If there’s one good for passenger rail that could come out of CSX’ reluctance to cooperate with the Empire Corridor West project, it’s that it might allow–or even force–future administrations to revisit the idea of true HSR in the Empire Corridor. Improved regional service in the corridor is better than nothing, but Upstate New York desperately needs an economic game changer, and nothing can match HSR for that potential. If CSX is truly unwilling to deal–or if, as I suspect, the price of a deal is just going to be incredibly high–studying HSR (at realistic prices, not the Cuomo administration’s inflated ones) may again become an attractive option.

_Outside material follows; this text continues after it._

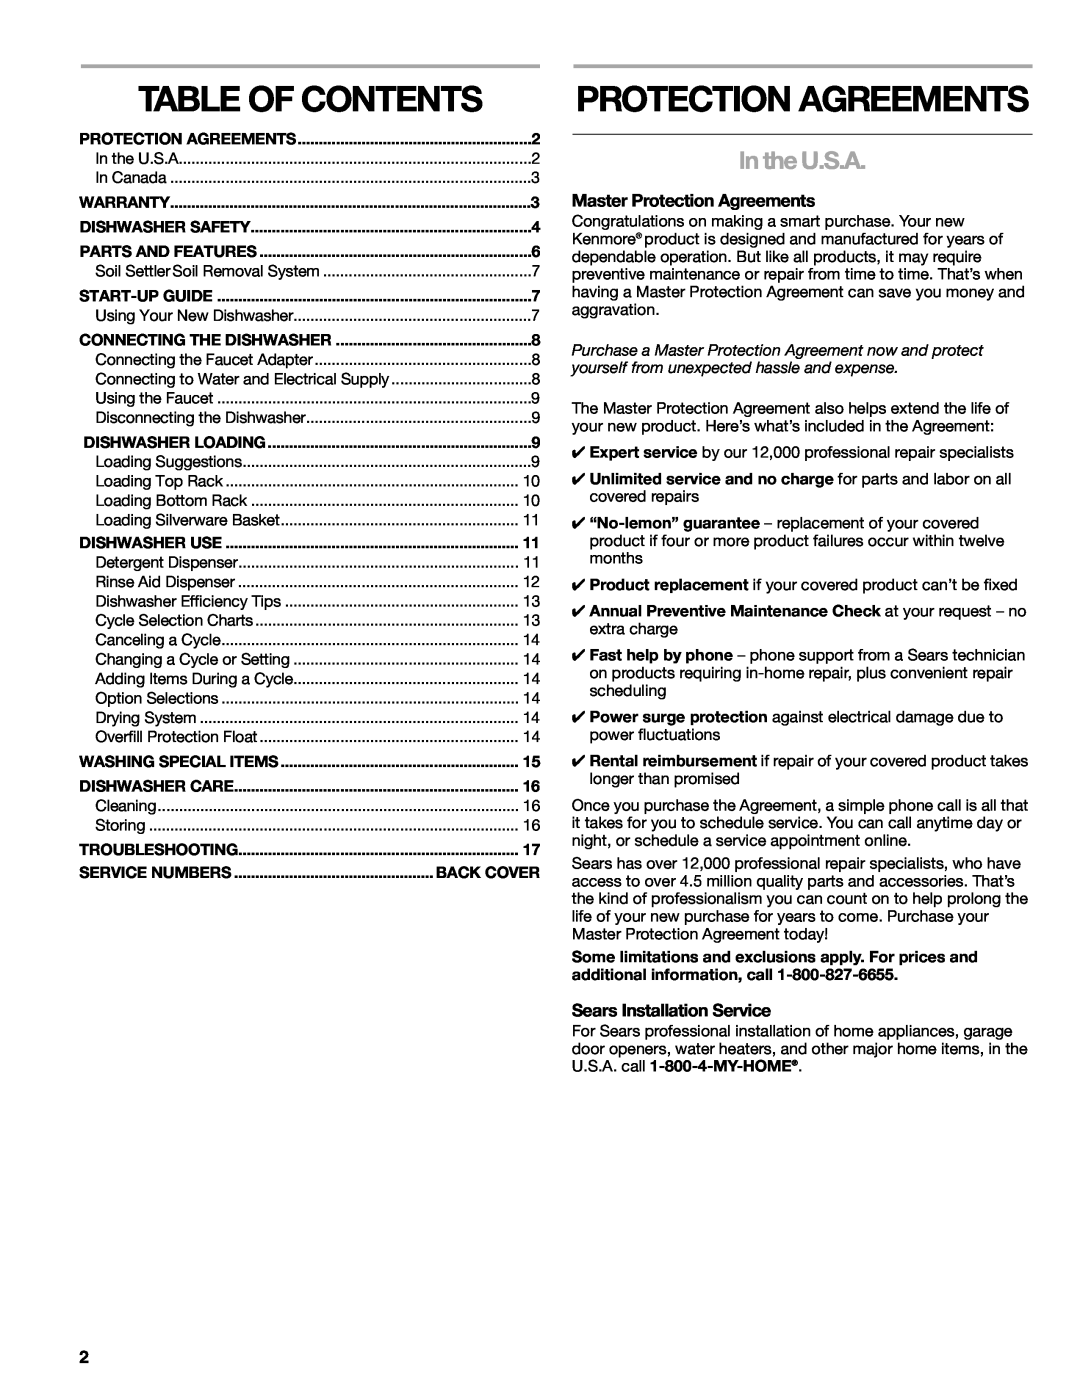 Kenmore 665.1771 Table Of Contents, In the U.S.A, Master Protection Agreements, Sears Installation Service, Back Cover

In the meantime, it’s not like New York State has no leverage in the situation. CSX has long essentially held a monopoly on rail freight traffic into New England, a status enabled in recent years by Massachusetts’ investment in allowing modern freight car clearances and weights on the Berkshire Line. In recent years, though, the other titan of Eastern railroading, Norfolk Southern, has begun to challenge CSX’ chokehold on the region. Using traffic rights over the Delaware & Hudson’s longtime bridge route from Binghamton to the Capital Region, and an alliance with New England regional Pan Am east of there, NS has gradually built up a modern infrastructure for its traffic in the market. NS/Pan Am Southern is not yet capable of challenging CSX; in particular, the eastern part of the allied route, east of Mechanicville, would require significant investment to bring up to modern double-stack clearance/315,000 lb freight car weight standards. Norfolk Southern is beginning to pour in some of the necessary on its own, but if the state threatened to ally with Massachusetts to fully prepare the NS/Pan Am route for competition with the Berkshire Line, one imagines that CSX might find it shares more interests with the state than it thought. Just don’t count on any of those things happening.